We propose a method to generate physical random numbers based on intermittent optical chaos. Intermittent chaotic output is produced in a semiconductor laser subjected to optical feedback embedded in a photonic integrated circuit. This dynamics is characterized by a temporal waveform organized in a succession of laminar regions of low amplitude and bursts of high amplitude. The temporal randomness ruling the alternation of successive laminar regions and bursts is used as an entropy source to generate sequences of random bits. We compare the performances of the exclusive OR and reverse methods implemented in the bit generation process and evaluate the quality of the random bits with the Rabbit test of TestU01 for different bit sequences lengths.

Physical implementation of oblivious transfer using optical correlated randomness

We demonstrate physical implementation of information-theoretic secure oblivious transfer based on bounded observability using optical correlated randomness in semiconductor lasers driven by common random light broadcast over optical fibers. We demonstrate that the scheme can achieve one-out-of-two oblivious transfer with effective key generation rate of 110 kb/s. The results show that this scheme is a promising approach to achieve information-theoretic secure oblivious transfer over long distances for future applications of secure computation such as privacy-preserving database mining, auctions and electronic-voting.

Common-signal-induced synchronization in photonic integrated circuits and its application to secure key distribution

We experimentally achieve common-signal-induced synchronization in two photonic integrated circuits with short external cavities driven by a constant-amplitude random-phase light. The degree of synchronization can be controlled by changing the optical feedback phase of the two photonic integrated circuits. The change in the optical feedback phase leads to a significant redistribution of the spectral energy of optical and RF spectra, which is a unique characteristic of PICs with the short external cavity. The matching of the RF and optical spectra is necessary to achieve synchronization between the two PICs, and stable synchronization can be obtained over an hour in the presence of optical feedback.
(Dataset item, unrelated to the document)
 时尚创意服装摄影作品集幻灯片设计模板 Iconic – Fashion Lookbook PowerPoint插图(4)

We succeed in generating information-theoretic secure keys and achieving the final key generation rate of 184 kb/s using the PICs.
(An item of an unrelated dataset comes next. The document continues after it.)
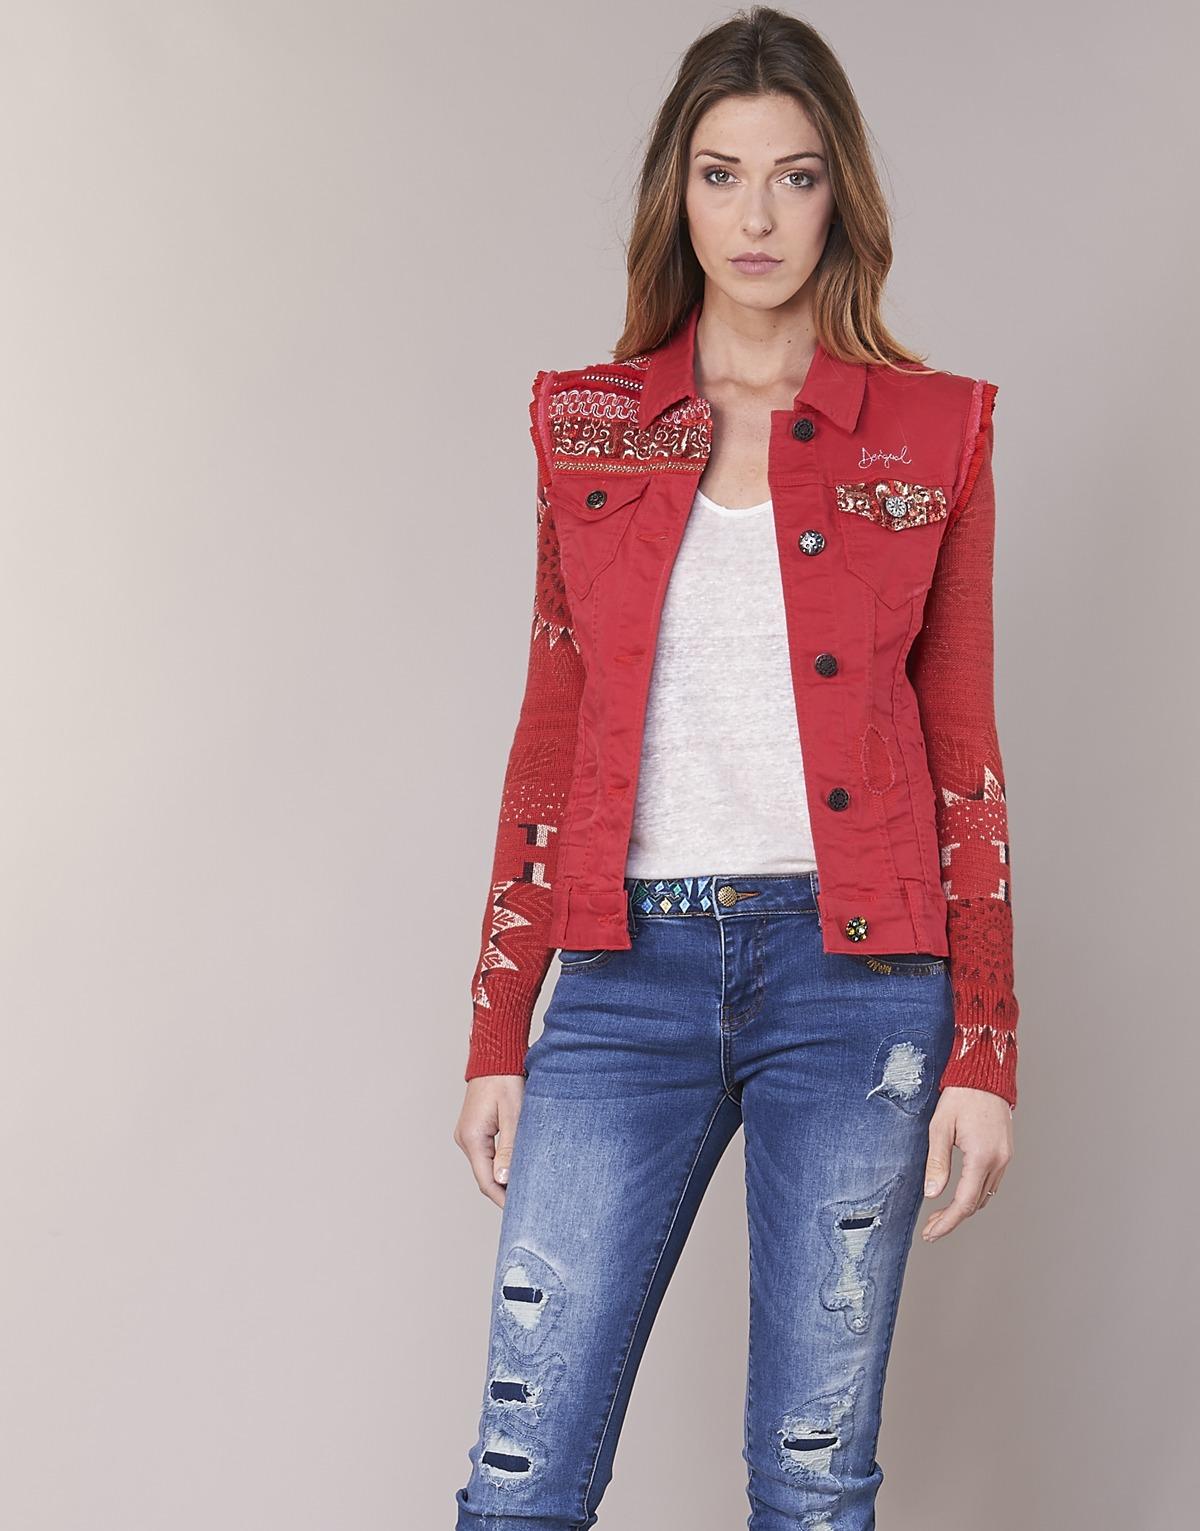 Desigual PALOSHO Rouge Veste en Jean

Common-Signal-Induced Synchronization in Semiconductor Lasers With Broadband Optical Noise Signal

We experimentally observe common-signal-induced synchronization between two semiconductor lasers driven by a broadband optical noise signal. We use a super-luminescent diode as a source of the optical noise signal, whose bandwidth is over THz. Synchronization is achieved even without injection locking between the drive noise signal and the semiconductor lasers; however, the optical wavelengths of the two semiconductor lasers need to be precisely matched. We investigate the parameter dependence of synchronization on the injection strength of the drive signal and the relaxation oscillation frequency of the semiconductor lasers. We apply optical band-pass-filters to change the bandwidth of the noise signal, and investigate the quality of synchronization. We found that high-quality synchronization can be achieved when the bandwidth of the optical spectra of the semiconductor lasers are within the bandwidth of the optical noise signal.

Dynamics-dependent synchronization in on-chip coupled semiconductor lasers

Synchronization properties of chaotic dynamics in two mutually coupled semiconductor lasers with optical feedback embedded in a photonic integrated circuit are investigated from the point of view of their dynamical content. A phenomenon in which the two lasers can show qualitatively different synchronization properties according to the frequency range of investigation and their nonlinear dynamics is identified and termed dynamics-dependent synchronization. In-phase synchronization is observed for original signals and antiphase synchronization is observed for low-pass filtered signals in the case where one of the lasers shows chaotic oscillations while the other laser exhibits low-frequency fluctuations dynamics. The experimental conditions causing the synchronization states to vary according to the considered frequency interval are studied and the key roles of asymmetric coupling strength and injection currents are clarified.